Kirchenvertreter in Kairo nehmen Polizei in Schutz

"Bürgerkriegsähnliche Zustände“

Nach den blutigen Zusammenstößen zwischen Polizei und Mursi-Anhängern ist die Lage in Kairo weiter gespannt. Von "bürgerkriegsähnlichen Zuständen“ spricht der Pfarrer der deutschsprachigen katholischen Gemeinde in Kairo, Joachim Schroedel.

Trauer nach neuer Gewalt in Kairo (dpa)
Trauer nach neuer Gewalt in Kairo / ( dpa )

Die Situation sei "unübersichtlich", sagte Schroedel, dessen Gemeindezentrum in der Innenstadt unweit dem Tahrir-Platz liegt.

Der Sprecher der katholischen Bischofskonferenz in Ägypten, Antoine Rafic Greiche, sagte, Zahlen von mehr als 100 getöteten Anhängern des entmachteten Präsidenten Mohammed Mursi seien übertrieben. Laut einer Meldung des vatikanischen Pressedienstes Asianews (Mittwoch) bestritt er Darstellungen, die Polizei sei mit scharfer Munition gegen die Besetzer des Nahda-Platzes nahe der Universität vorgegangen. Die Demonstranten hätten sich hinter Sandsäcken und Steinmauern verschanzt und auf Wasserwerfer und Tränengas mit Steinwürfen und Schüssen geantwortet.

Auch Schroedel bezweifelte "Horrorzahlen" von Hunderten Toten. Polizei und Militär gingen "mit äußerster Vorsicht" gegen die Islamisten vor. Dass es ein Massaker gegeben habe, scheine «nicht der Fall zu sein». Die Einsatzkräfte hätten versucht, die Demonstranten mit Tränengas "auszuräuchern" und zu einem kontrollierten Abzug zu bewegen. Funde von Kalaschnikows und Maschinengewehren zeigten, dass es sich keineswegs um friedliche Kundgebungen handele.
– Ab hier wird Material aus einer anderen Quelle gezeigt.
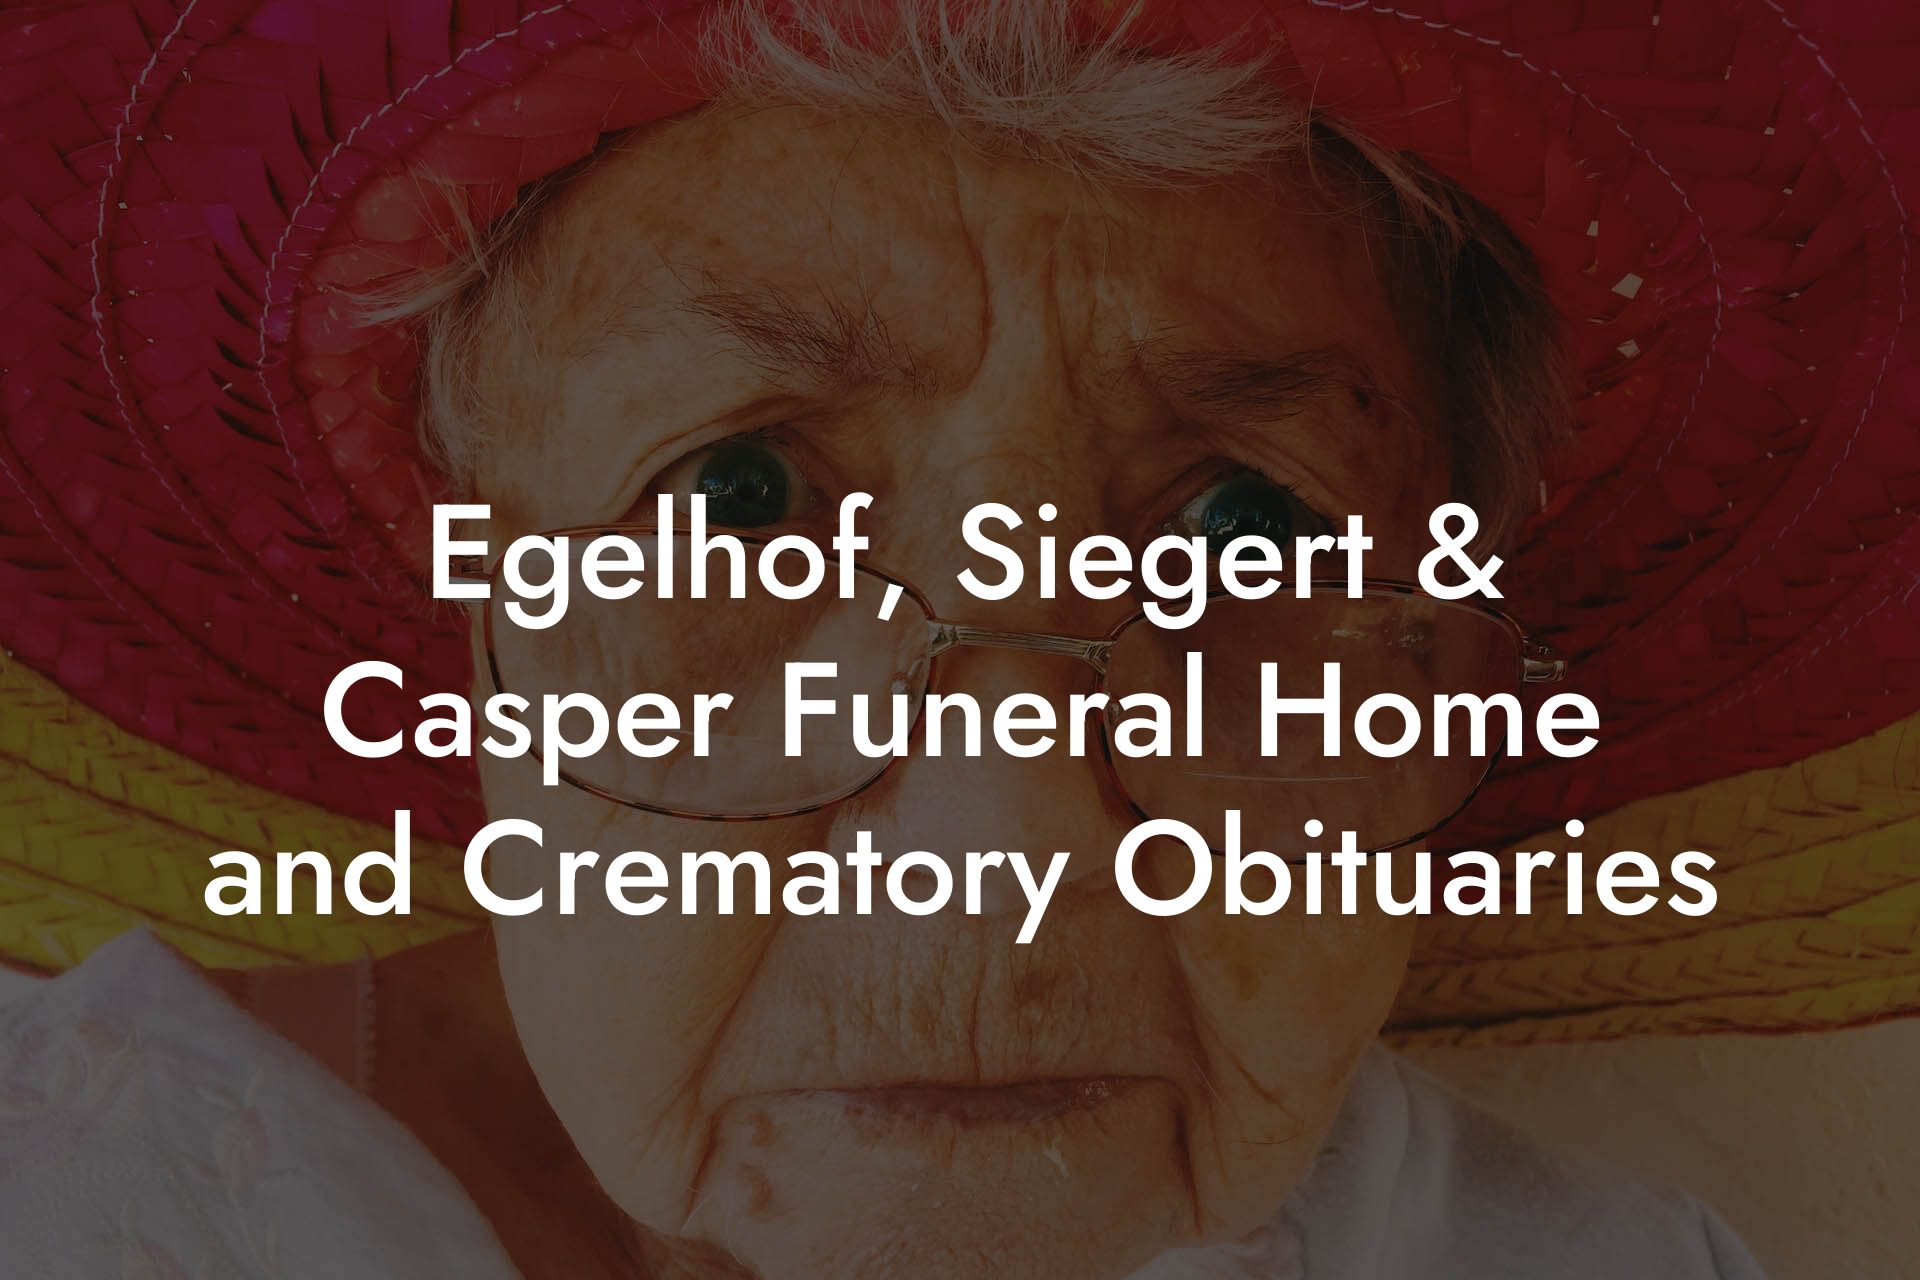 Egelhof, Siegert & Casper Funeral Home and Crematory Obituaries

Zunehmende Feindseligkeiten gegen Christen

Unterdessen nehmen nach Schroedels Aussage Feindseligkeiten gegen Christen in Mittelägypten zu. Seit einigen Wochen würden kirchliche Gebäude häufiger Ziel von Schmierereien; diese bezeichneten den Islam als «wahre Religion Ägyptens» und den koptischen Papst Tawadros II. als "Hund". "Die Christen müssen sich in nächster Zeit warm anziehen, weise und klug sein", so der Priester.
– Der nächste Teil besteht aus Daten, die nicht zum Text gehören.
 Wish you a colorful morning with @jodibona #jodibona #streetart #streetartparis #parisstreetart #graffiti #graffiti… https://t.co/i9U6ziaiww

Vor allem Tawadros II. sei durch seinen Rückhalt für Ägyptens Armeechef Abdel Fattah al-Sisi beim Sturz Mursis politisch unter Attacke geraten, sagte Schroedel. Die koptische Kirchenleitung wolle sich jetzt "bedeckt halten". Man fahre derzeit öffentliche Aktivitäten herunter, um sich nicht dem Vorwurf von Islamisten auszusetzen, das Volk aufzuhetzen. Schroedel verwies dabei auch auf die Absagen von Mittwochsaudienzen des koptischen Papstes.

Verantwortlich für die Aggressionen gegen Christen seien "Minderheiten", betonte Schroedel. Teilweise gehe es in mittelägyptischen Dörfern mit einem Christenanteil von 60 bis 70 Prozent auch um Nachbarschaftszwist oder um Neid auf Wohlhabendere.
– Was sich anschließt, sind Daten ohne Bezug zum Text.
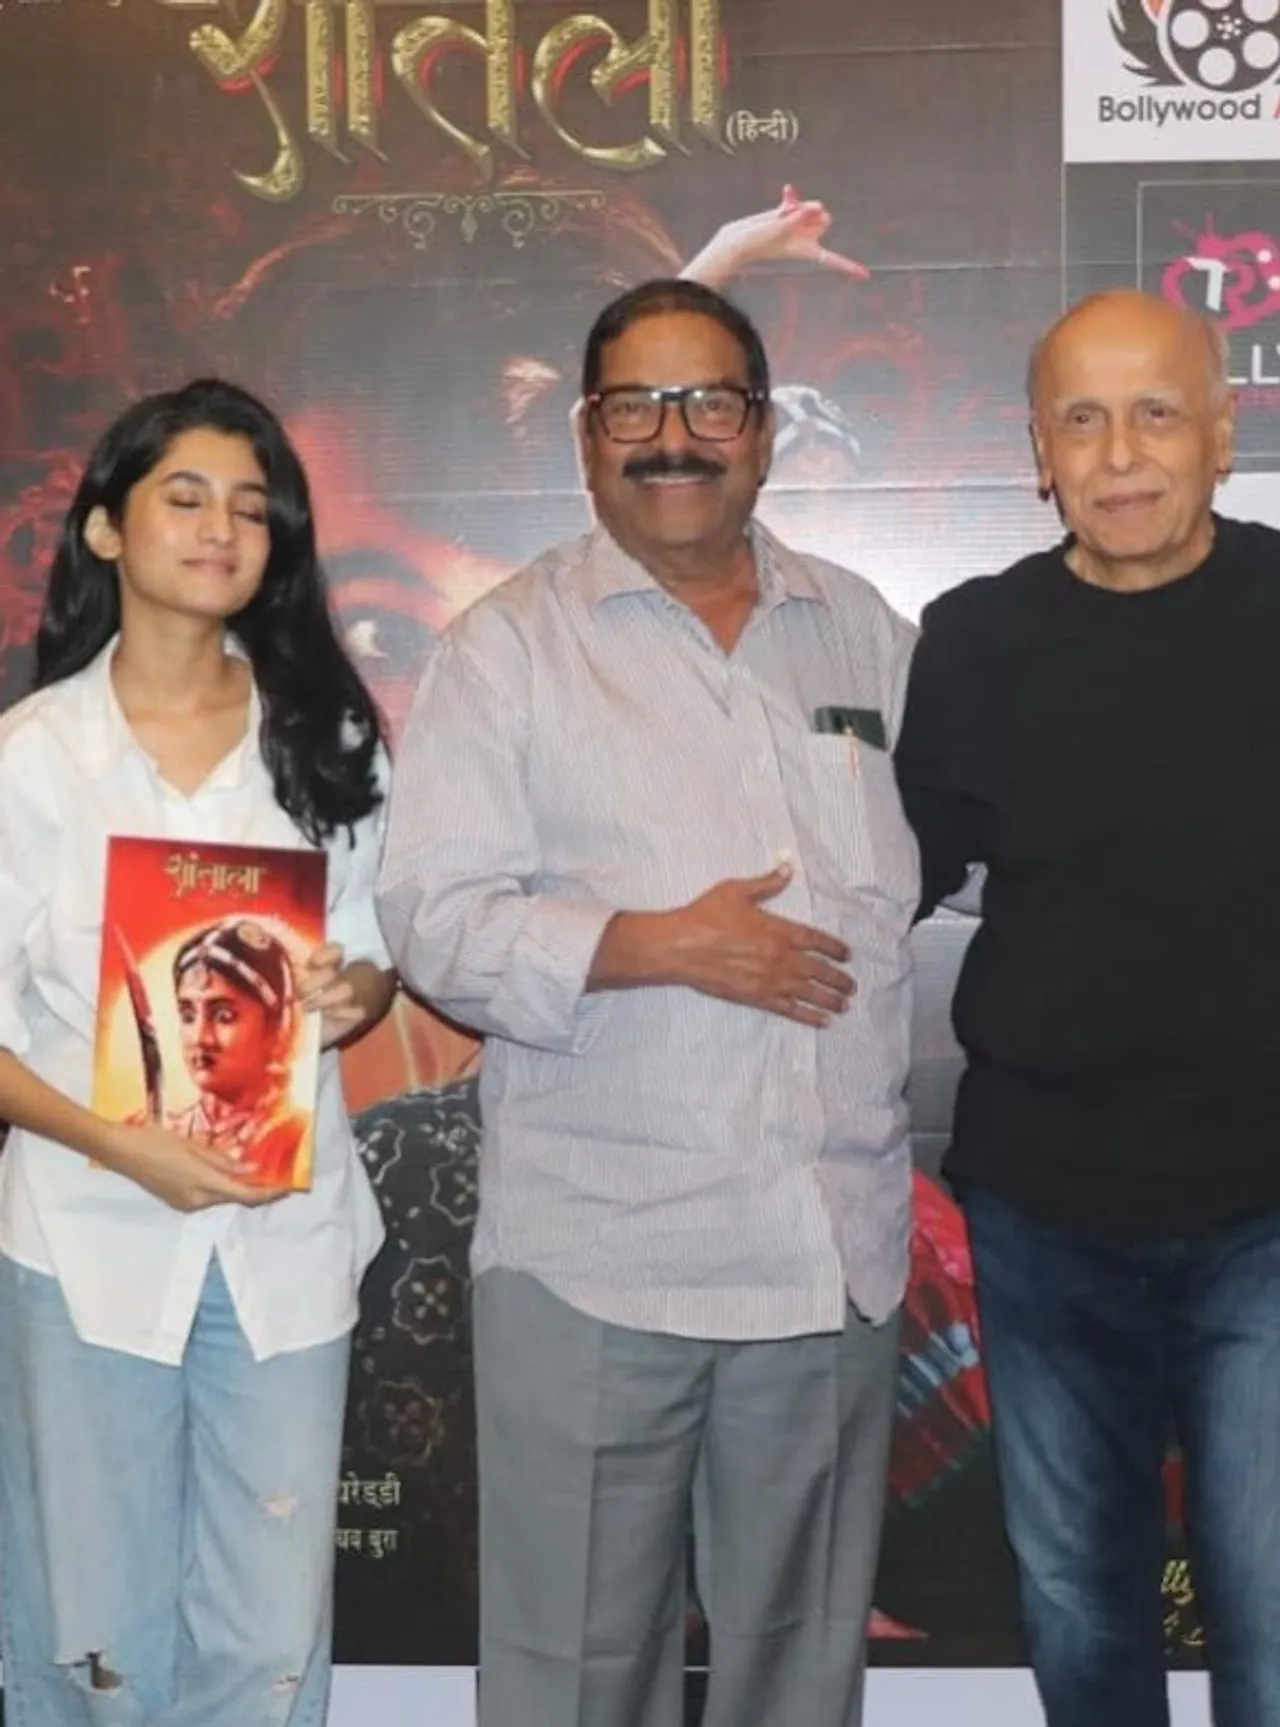 Mahesh Bhatt praised the film

Zugleich verfügten die Muslimbrüder mit angeblich 500.000 eingetragenen Mitgliedern über ein beachtliches Potenzial; "das sind mehr als die CDU-Mitglieder in Deutschland", so Schroedel.

Kirchensprecher Greiche nannte die Rede von einem "geteilten Ägypten" irrig. Die Islamisten machten "weniger als fünf Prozent der Bevölkerung" aus, sagte er dem Pressedienst Asianews. Zur breiten Mehrheit gehörten zwar auch konservative Muslime; diese lehnten aber das Programm der Muslimbrüder ab, so der Priester.